I dont know if the A23 is galvanically isolated and i think if your well matched (A23 2mV input max) references are galvanically isolated itself to allow difference measurements, then it shouldnt matter.
Apart from the A23-solution may i suggest the Keithley 181 Nanovoltmeter, which comes for about 250€ used on ebay very often.
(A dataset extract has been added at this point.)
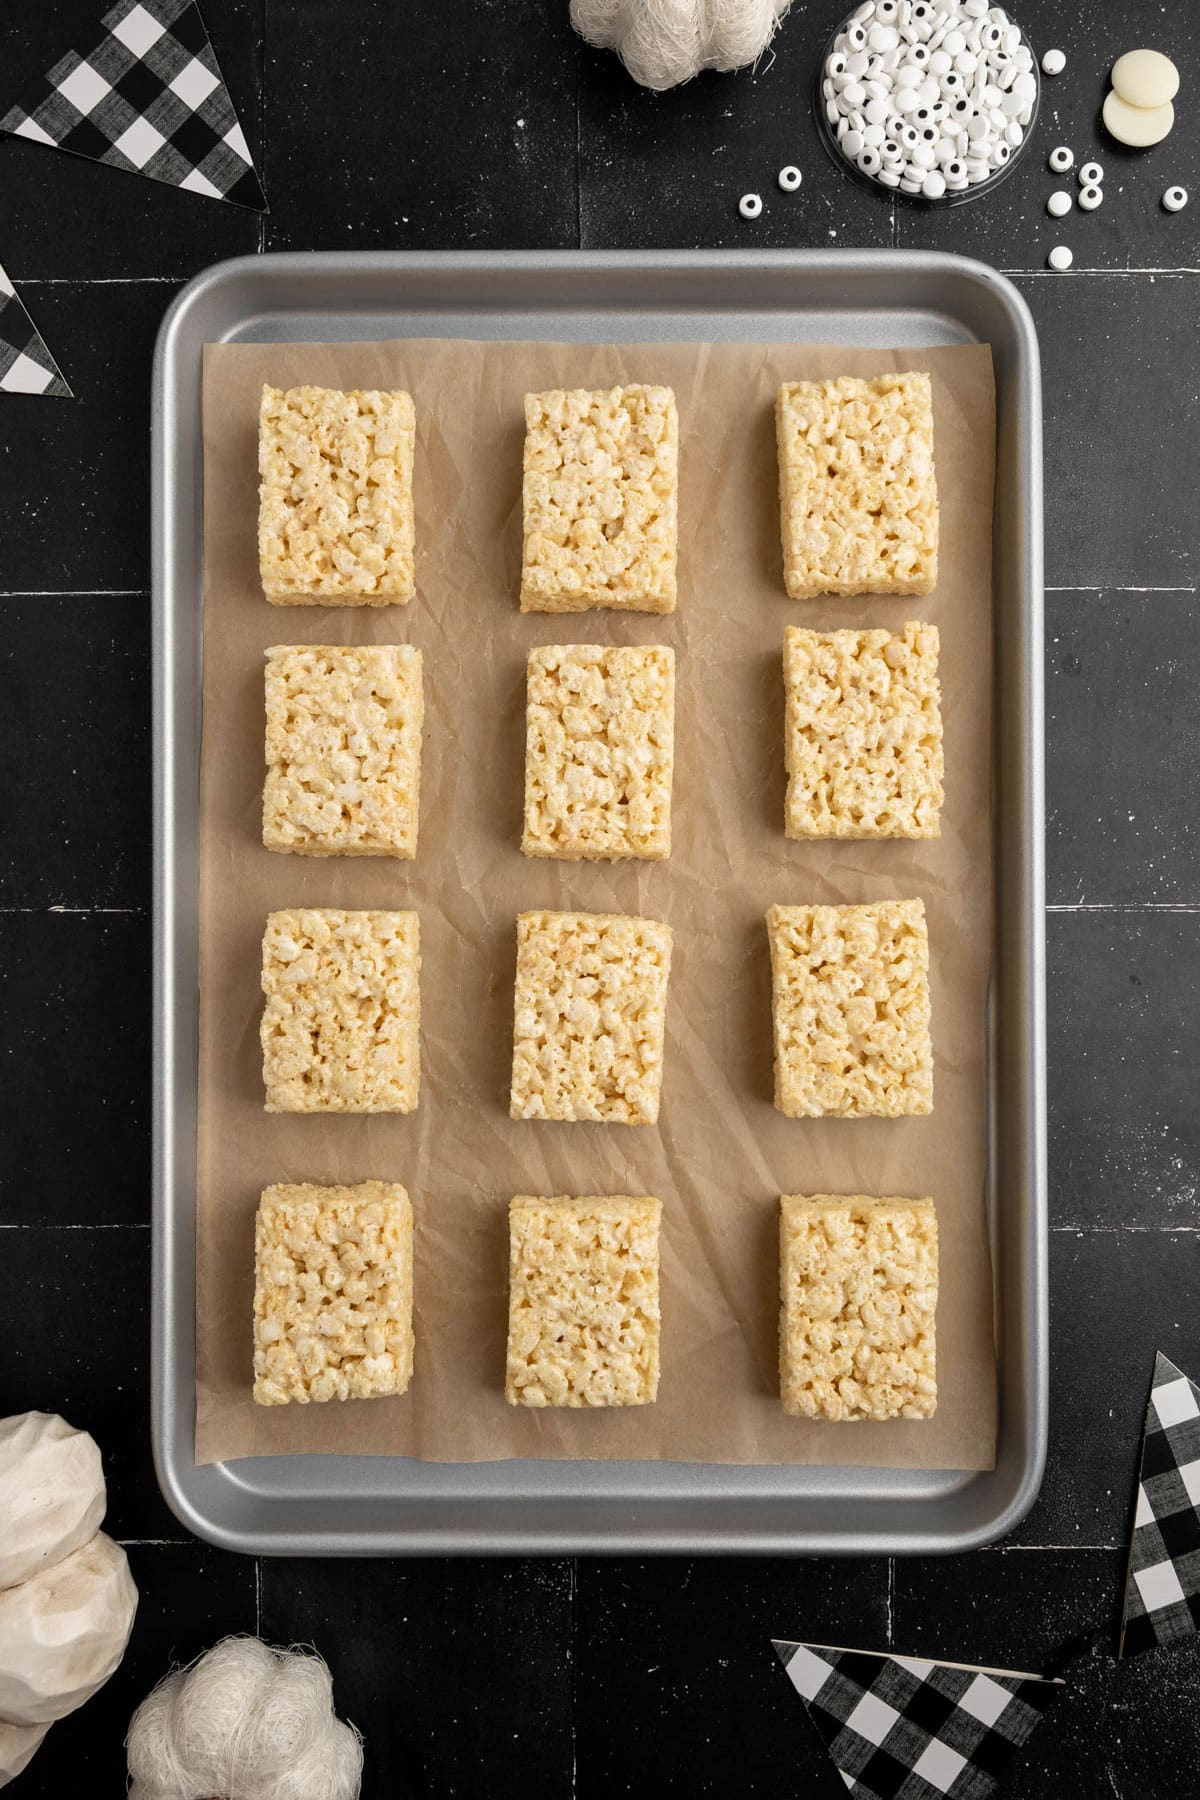 Another process of preparing Mummy Rice Krispies Treats is to arrange the krispies on trays

The A23 has 1.3nVpp, the K181 ~15nVpp AFAIR and i dont think that you need the ultralow-noise-voltage of the A23 when you compare voltage references, since even the chinese 2DW-zeners have ~300nVpp and drift due to age/temp.
I dont really see the use-case for the nV-amplifier; is your goal really only noise measurement or do you want to see the tiny reference-drift effects during short scales?

Thinking further:
Wouldnt in this case a Low Noise Amplifier 0.1-10Hz be the better solution, like the ones shown in this thread: ? They are made to determine the low frequency voltage noise of references and are capable of having a amplifier-noise-floor of ~150nVpp RTI (if we take Andreas-Design as an example) and therefore able to measure even the small 2DW-zener-noise.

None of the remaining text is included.